Soberanía, la línea roja de México frente a Trump en la renegociación del T-MEC
Gerardo OlveraCIUDAD DE MÉXICO.— En la renegociación del T-MEC hay asuntos que México está dispuesto a revisar y otros que, para el gobierno de Claudia Sheinbaum, ni siquiera están sobre la mesa. La frontera de esa negociación tiene un nombre: soberanía.
“No vamos a firmar nada que tenga que ver con una afectación a nuestra soberanía”, afirmó este miércoles la presidenta al explicar el estado de las conversaciones comerciales con Estados Unidos.
La definición marca uno de los principales límites de México frente a la administración de Donald Trump, en momentos en que Washington busca modificar las condiciones comerciales con sus socios de América del Norte y presiona para recuperar producción industrial dentro de territorio estadounidense.
Los 54 puntos que Washington puso sobre la mesa
Sheinbaum reveló que Estados Unidos presentó a México una lista de 54 barreras no arancelarias como parte de las conversaciones. Sin embargo, la presidenta explicó que no todos los puntos tienen el mismo peso para su gobierno.
La lista se divide, según explicó, entre asuntos que pueden ser atendidos mediante acuerdos técnicos y aquellos que involucran decisiones que corresponden exclusivamente a México.
Entre los primeros mencionó el reconocimiento por parte de Cofepris de determinadas patentes de medicamentos aprobadas por la FDA, además de medidas relacionadas con propiedad intelectual y el combate a la piratería.
Pero cuando una exigencia implica que México modifique decisiones que considera propias de su soberanía, la respuesta es distinta.
“Hay cosas que le corresponden solo a los mexicanos determinar”, sostuvo.
La presidenta aseguró que la mayoría de los 54 puntos ya están resueltos, aunque evitó revelar cuáles permanecen pendientes o cuáles representan mayores diferencias con Washington.
Aranceles: la batalla inmediata
Mientras mantiene esa línea roja política, México busca obtener resultados concretos en el terreno económico.
La prioridad es reducir los aranceles que actualmente afectan productos mexicanos como acero, aluminio y automóviles, medidas que Sheinbaum calificó de injustas por su impacto sobre la economía nacional.
A la par, el gobierno mexicano intenta impedir que Estados Unidos imponga nuevos gravámenes bajo el argumento de la llamada “sobrecapacidad” industrial, una de las preocupaciones que podrían modificar nuevamente las condiciones de acceso al mercado estadounidense.
El objetivo, en otras palabras, es negociar lo que pueda negociarse sin aceptar condiciones que impliquen una pérdida de margen de decisión para México.
Trump quiere producción en Estados Unidos; México apuesta por el Plan México
Detrás de la discusión arancelaria existe una disputa mayor sobre dónde se producirá y quién se beneficiará de la nueva etapa de industrialización de América del Norte.
Sheinbaum reconoció que Estados Unidos tiene derecho a impulsar políticas para atraer producción hacia su territorio.

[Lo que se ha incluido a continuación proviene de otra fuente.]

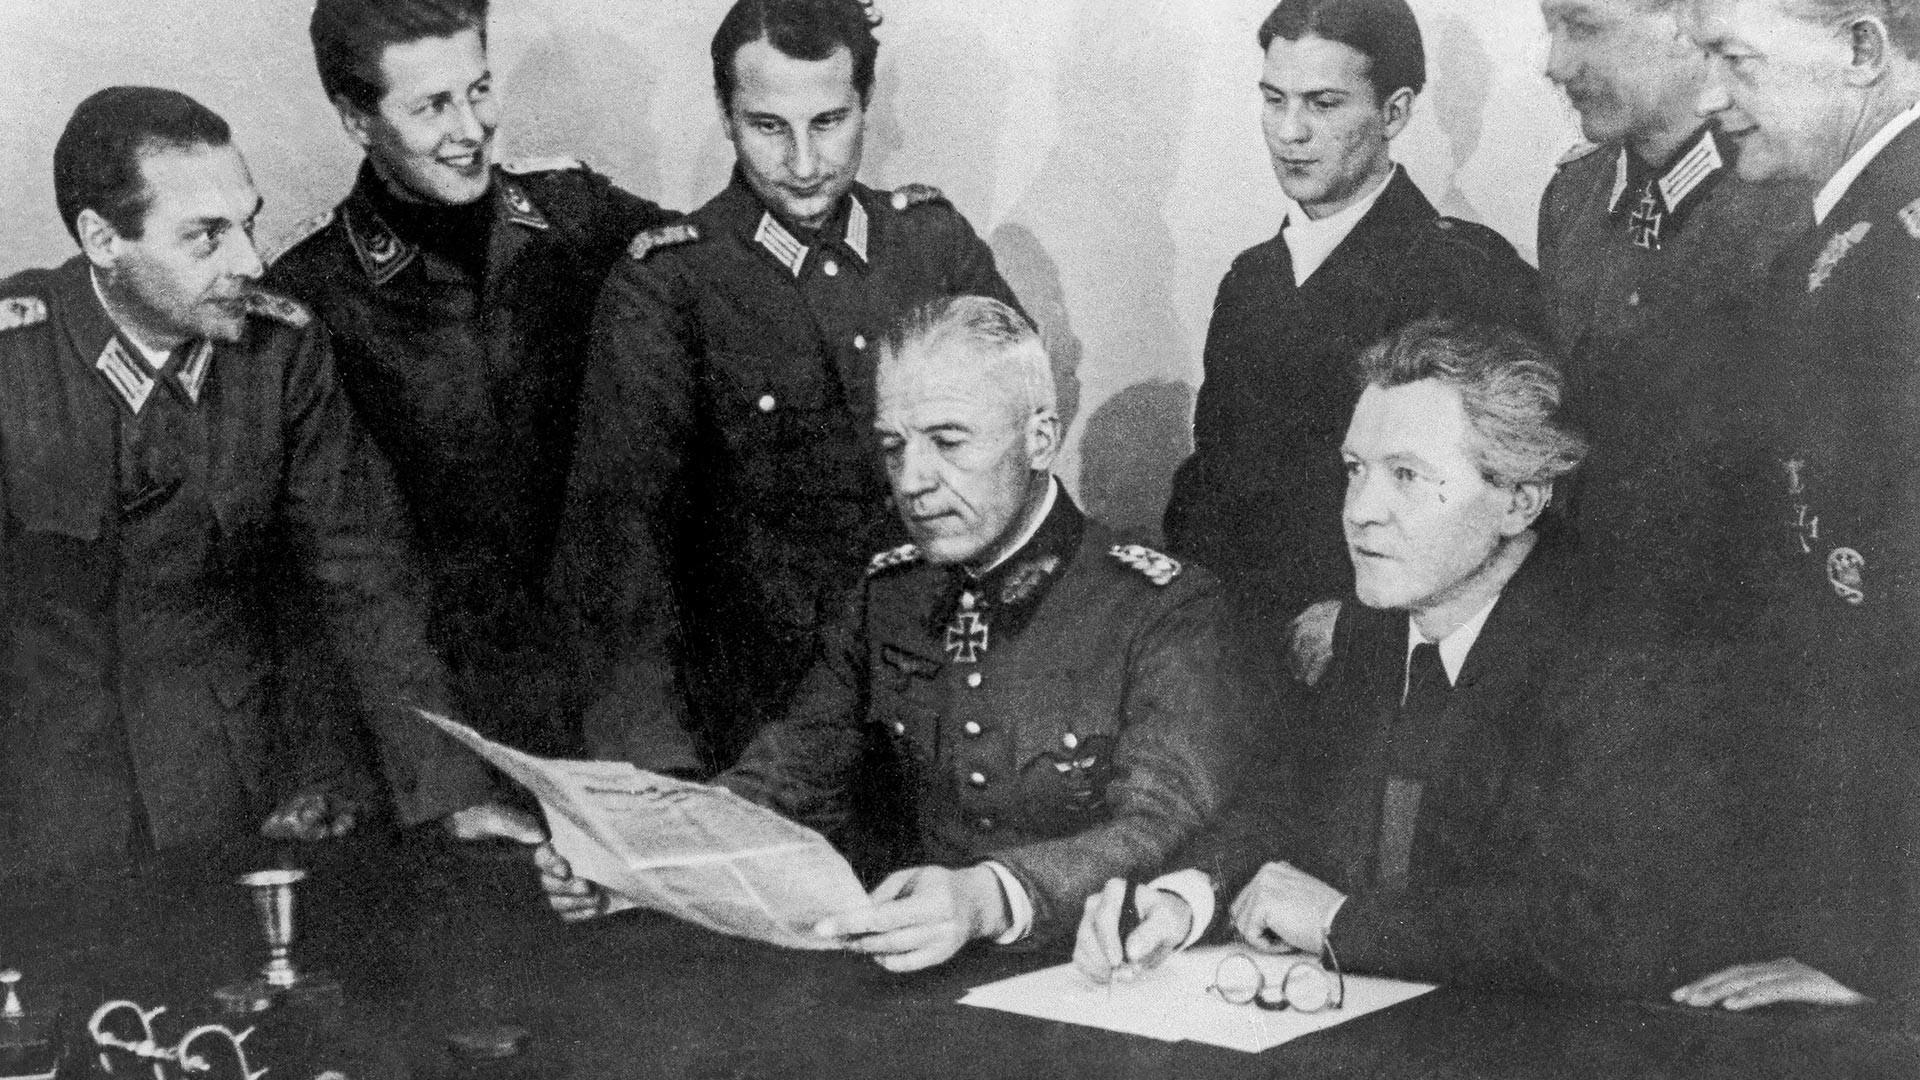 """Председник националног комитета """"Слободна Немачка"""", писац Ерих Вајнер (у првом плану десно) и  генерал Фон Зејдлиц на заседању комитета."""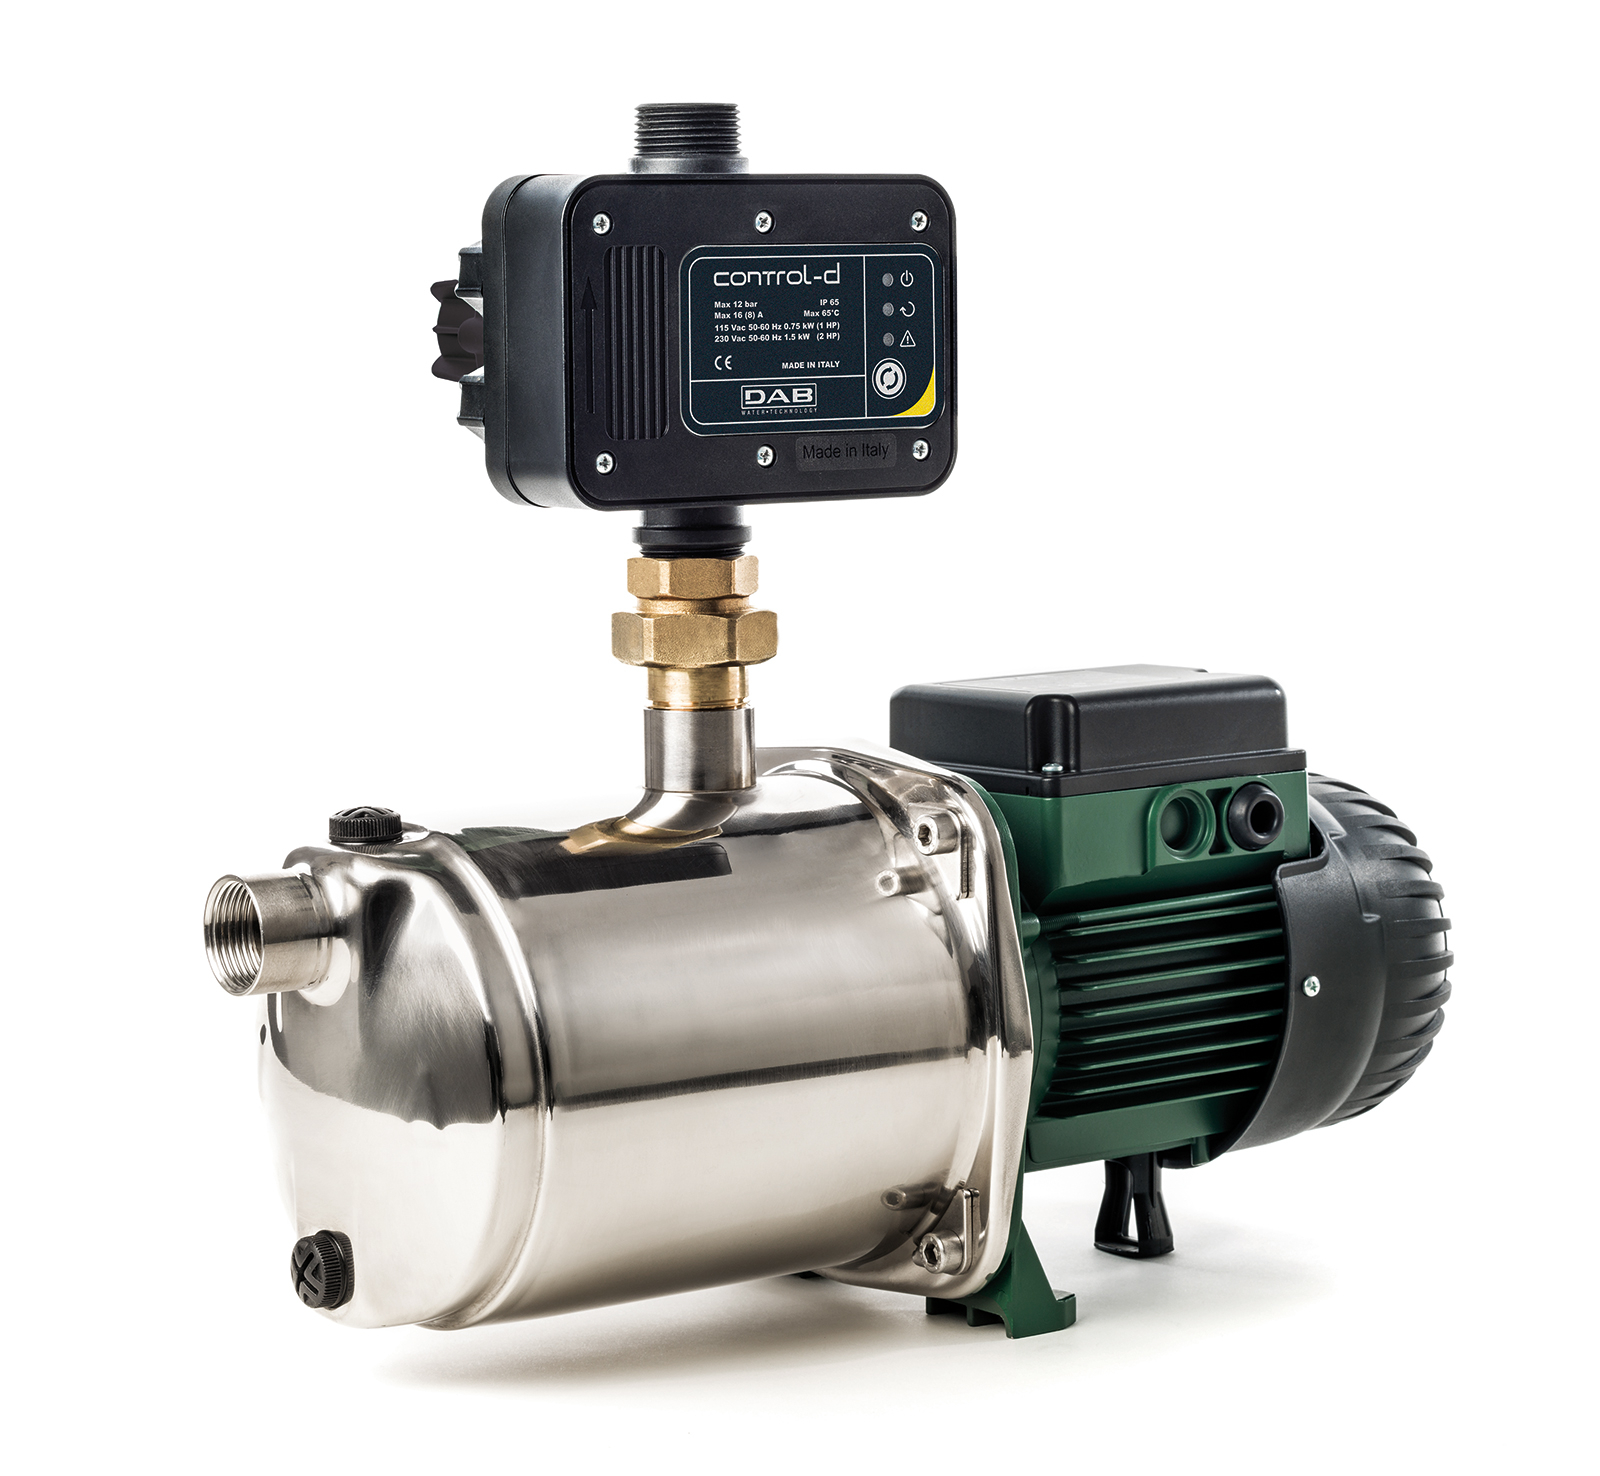 DAB EuroInox 40/30 M + DAB Control-D

Sin embargo, planteó que México también tiene una estrategia propia: el Plan México, con el que busca fortalecer la producción nacional y atraer inversiones.
La condición mexicana es que la política industrial estadounidense no termine desplazando a los productores mexicanos.
“Que no sea a costa de la producción de México, del bienestar del pueblo de México”, planteó la presidenta.
Una negociación bilateral, aunque México aún apuesta por el T-MEC trilateral
Por ahora, las conversaciones no se desarrollan en una sola mesa. Estados Unidos decidió negociar por separado con México y Canadá.
Sheinbaum aclaró que México mantiene su propio diálogo con Washington y que no intervino en las diferencias surgidas entre Estados Unidos y Canadá.
Pese a ello, la presidenta sostuvo que México mantiene como objetivo conservar el acuerdo comercial trilateral, al considerar que la integración de los tres países fortalece la competitividad de América del Norte.
“Ojalá se llegue a un acuerdo con Canadá también”, dijo.
Así, mientras la negociación avanza por carriles separados, México intenta preservar el destino común del T-MEC sin aceptar que las condiciones para permanecer en él impliquen poner en juego decisiones que considera exclusivamente nacionales.
La apuesta de Sheinbaum es clara: negociar aranceles, reglas comerciales y barreras técnicas, pero mantener la soberanía fuera de cualquier intercambio con Washington.